TASK ITEM –
What you return must be the data below, word for word, without any images.

MATERIAL PROVIDED –
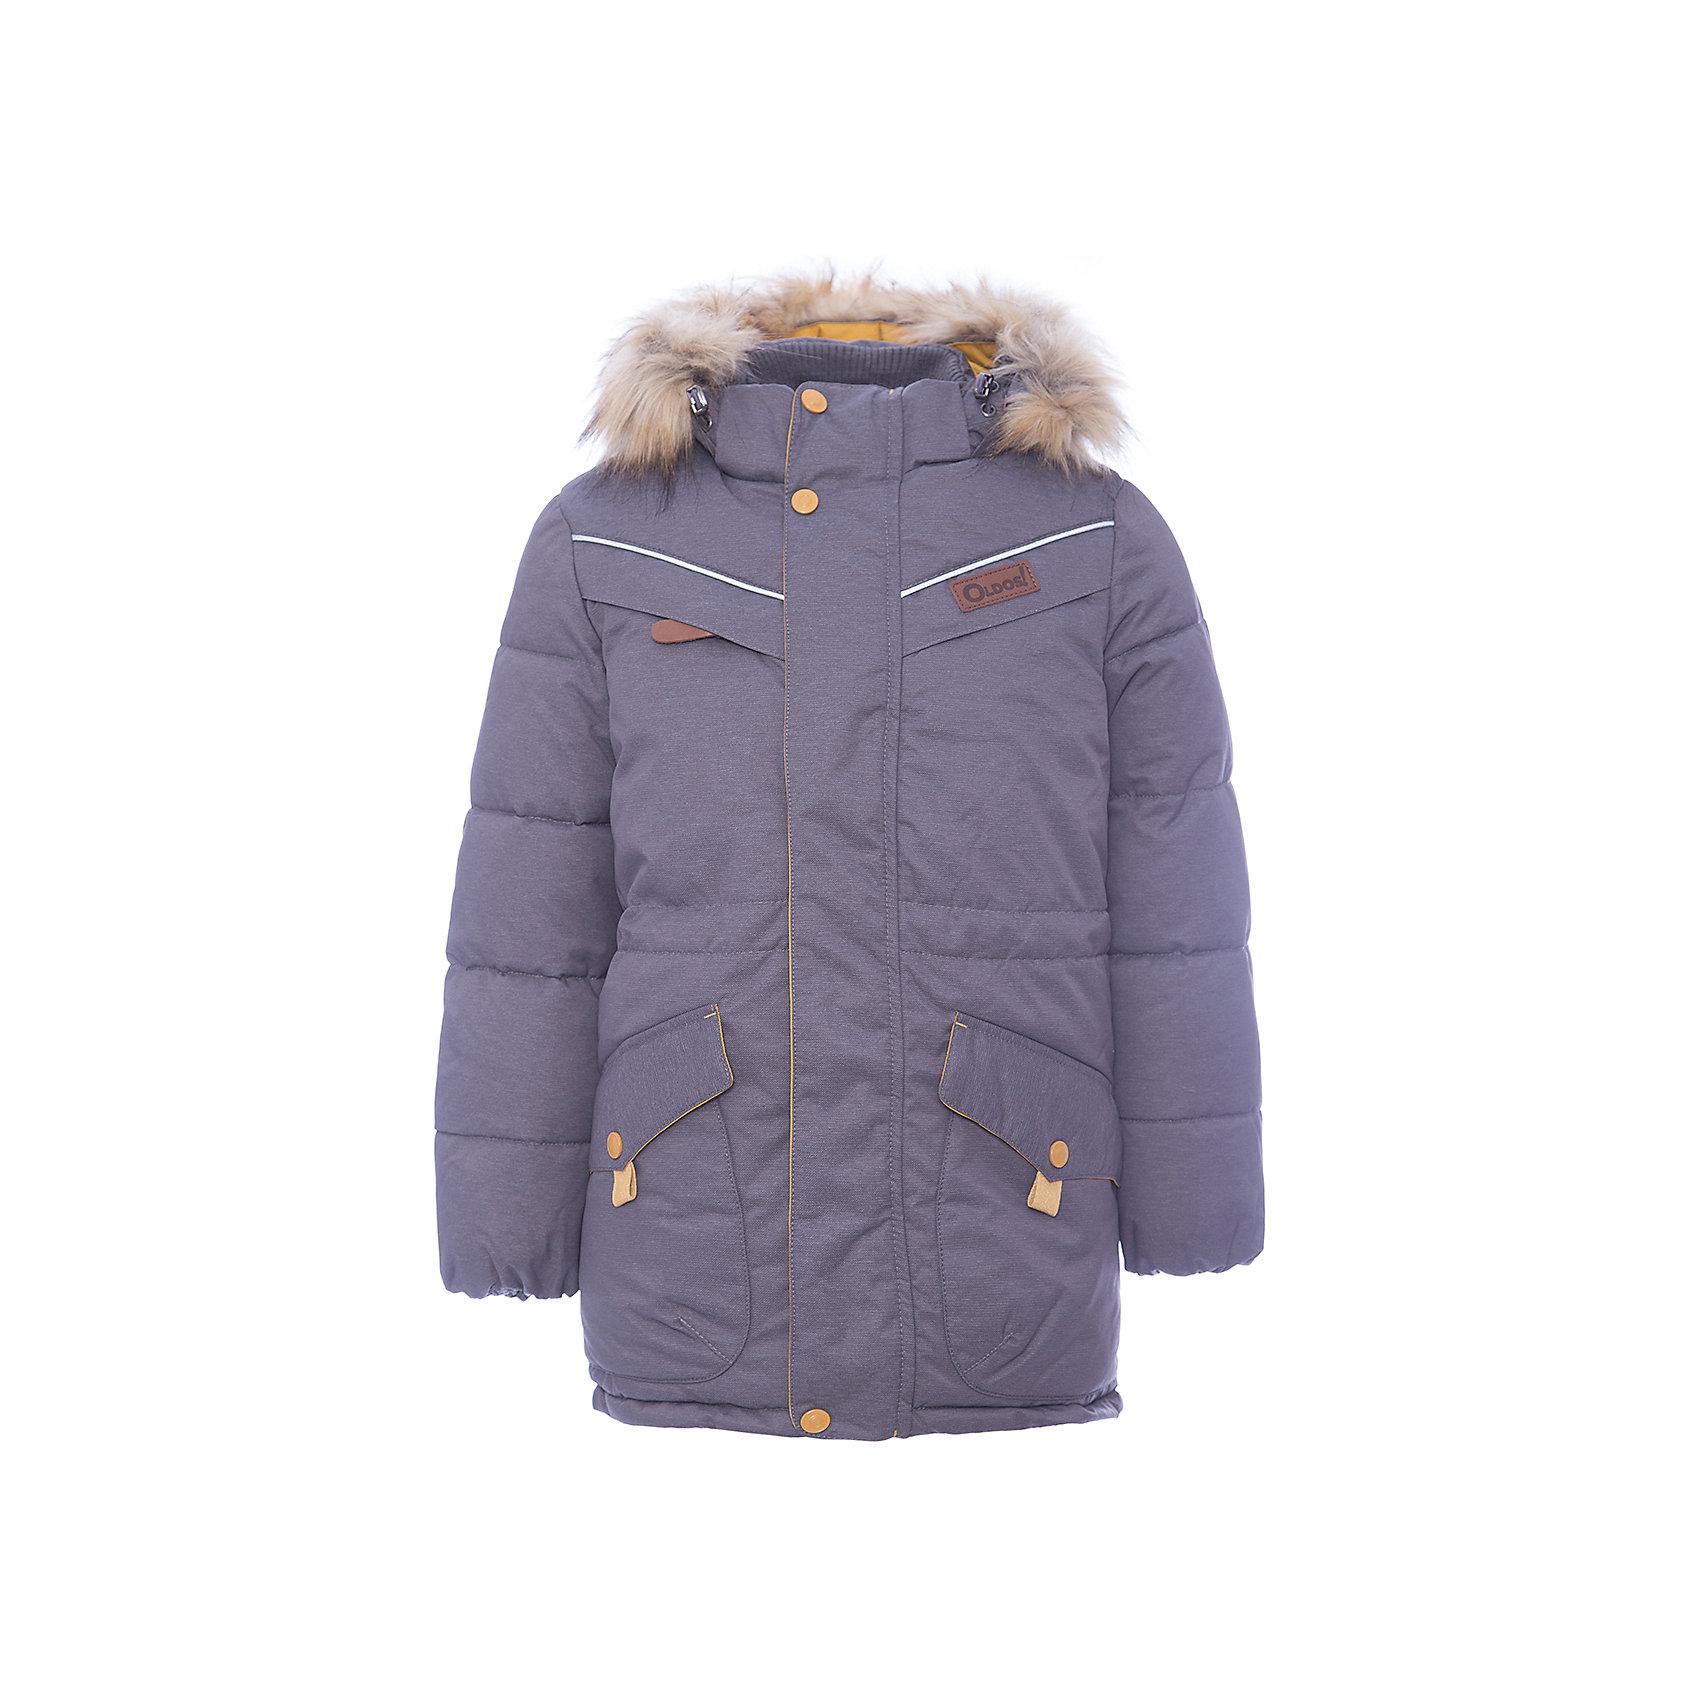 Куртка Жан OLDOS для мальчикаВерхняя одежда<br>Характеристики товара:<br><br>• цвет: черный<br>• состав ткани: 100% полиэстер, пропитка PU, Teflon<br>• подкладка: флис, полиэстер<br>• утеплитель: искусственный лебяжий пух<br>• сезон: зима<br>• температурный режим: от -35 до 0<br>• застежка: молния<br>• капюшон: с мехом, съемный<br>• страна бренда: Россия<br>• страна изготовитель: Россия<br><br>Зимняя куртка для ребенка обеспечит тепло и комфорт в холода благодаря качественному утеплителю и пропитке от воды и грязи. Эту детскую куртку легко чистить. Стильная куртка для ребенка дополнена функциональными элементами: отстегивающейся опушкой и капюшоном, карманами, воротником-стойкой, ветрозащитной планкой. <br><br>Куртку Жан Oldos (Олдос) для мальчика можно купить в нашем интернет-магазине.<br><br>Ширина мм: 356<br>Глубина мм: 10<br>Высота мм: 245<br>Вес г: 519<br>Цвет: черный<br>Возраст от месяцев: 144<br>Возраст до месяцев: 156<br>Пол: Мужской<br>Возраст: Детский<br>Размер: 158,152,122,128,134,140,146<br>SKU: 7016586
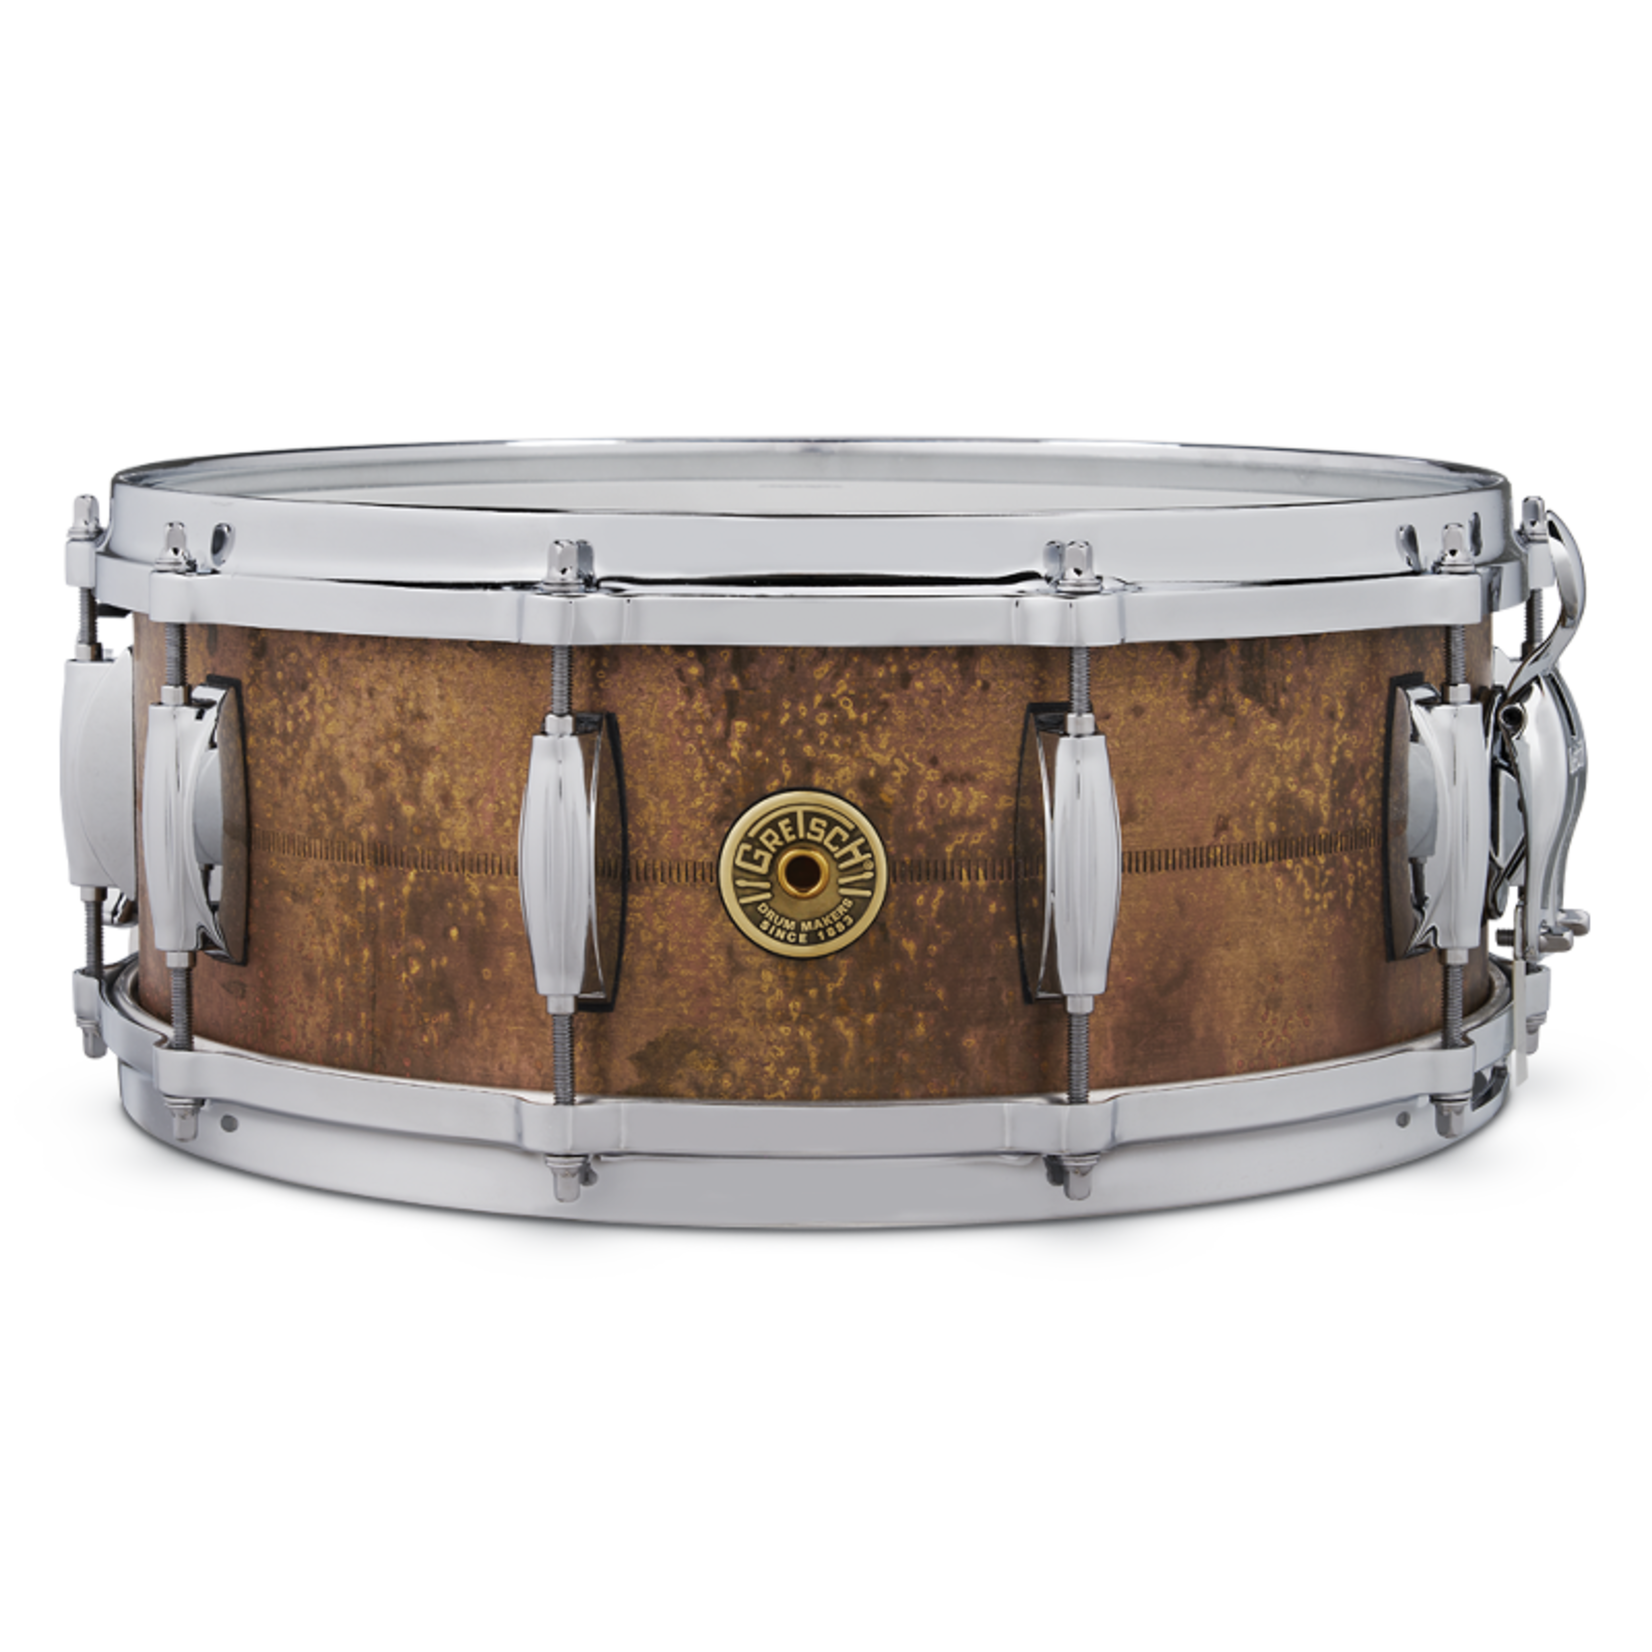 Gretsch Gretsch 5.5X14 Keith Carlock Artist Signature Snare Drum
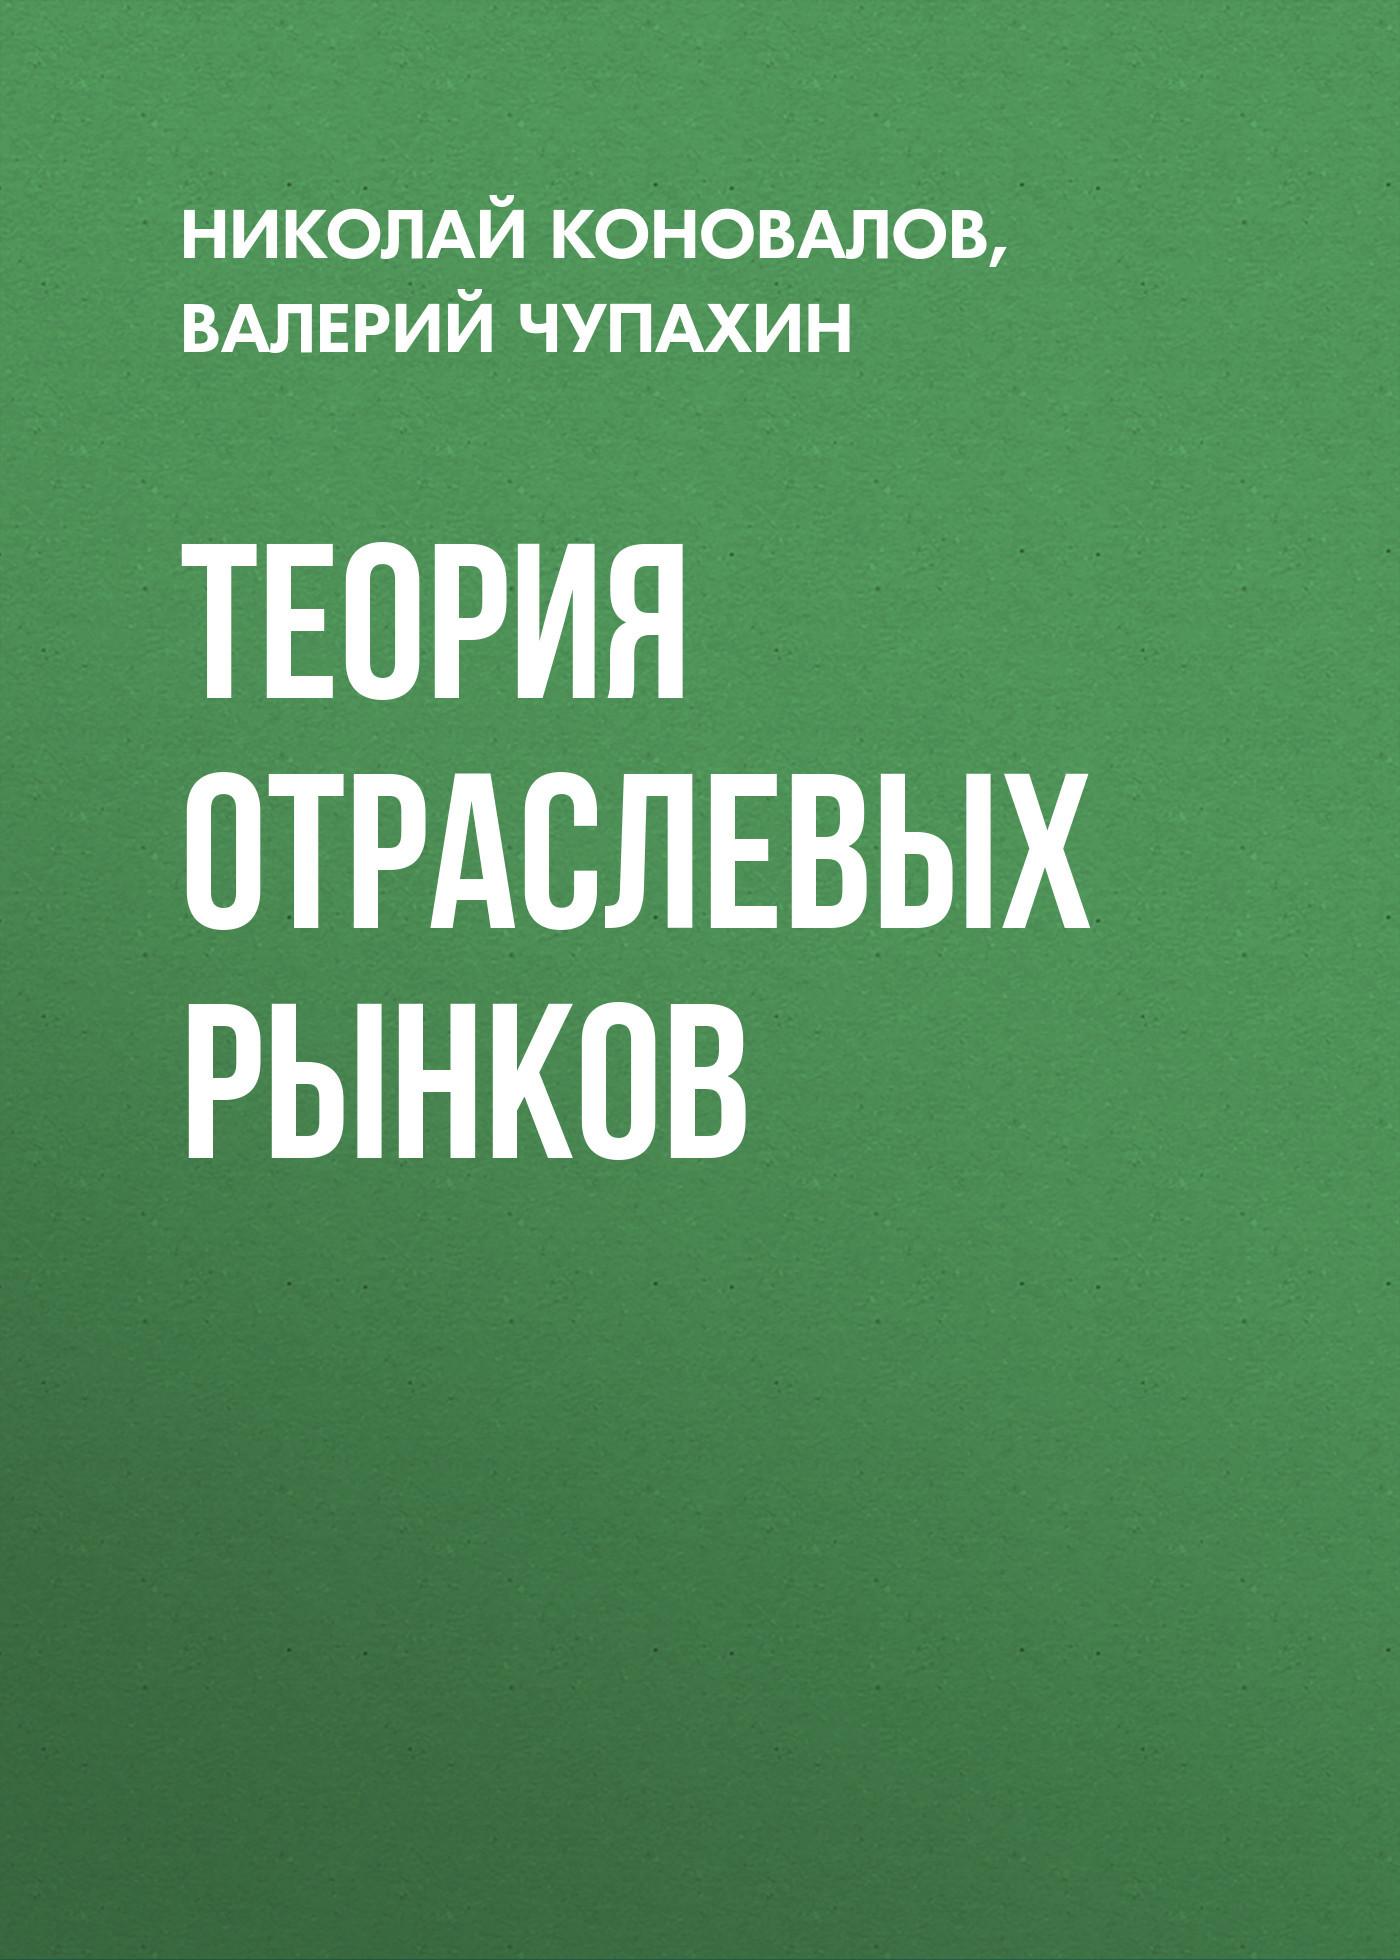 Николай Коновалов. Теория отраслевых рынков

SOLUTION TO THIS PROBLEM –
 Куртка Жан OLDOS для мальчикаВерхняя одежда<br>Характеристики товара:<br><br>• цвет: черный<br>• состав ткани: 100% полиэстер, пропитка PU, Teflon<br>• подкладка: флис, полиэстер<br>• утеплитель: искусственный лебяжий пух<br>• сезон: зима<br>• температурный режим: от -35 до 0<br>• застежка: молния<br>• капюшон: с мехом, съемный<br>• страна бренда: Россия<br>• страна изготовитель: Россия<br><br>Зимняя куртка для ребенка обеспечит тепло и комфорт в холода благодаря качественному утеплителю и пропитке от воды и грязи. Эту детскую куртку легко чистить. Стильная куртка для ребенка дополнена функциональными элементами: отстегивающейся опушкой и капюшоном, карманами, воротником-стойкой, ветрозащитной планкой. <br><br>Куртку Жан Oldos (Олдос) для мальчика можно купить в нашем интернет-магазине.<br><br>Ширина мм: 356<br>Глубина мм: 10<br>Высота мм: 245<br>Вес г: 519<br>Цвет: черный<br>Возраст от месяцев: 144<br>Возраст до месяцев: 156<br>Пол: Мужской<br>Возраст: Детский<br>Размер: 158,152,122,128,134,140,146<br>SKU: 7016586
 Gretsch Gretsch 5.5X14 Keith Carlock Artist Signature Snare Drum
 Николай Коновалов. Теория отраслевых рынков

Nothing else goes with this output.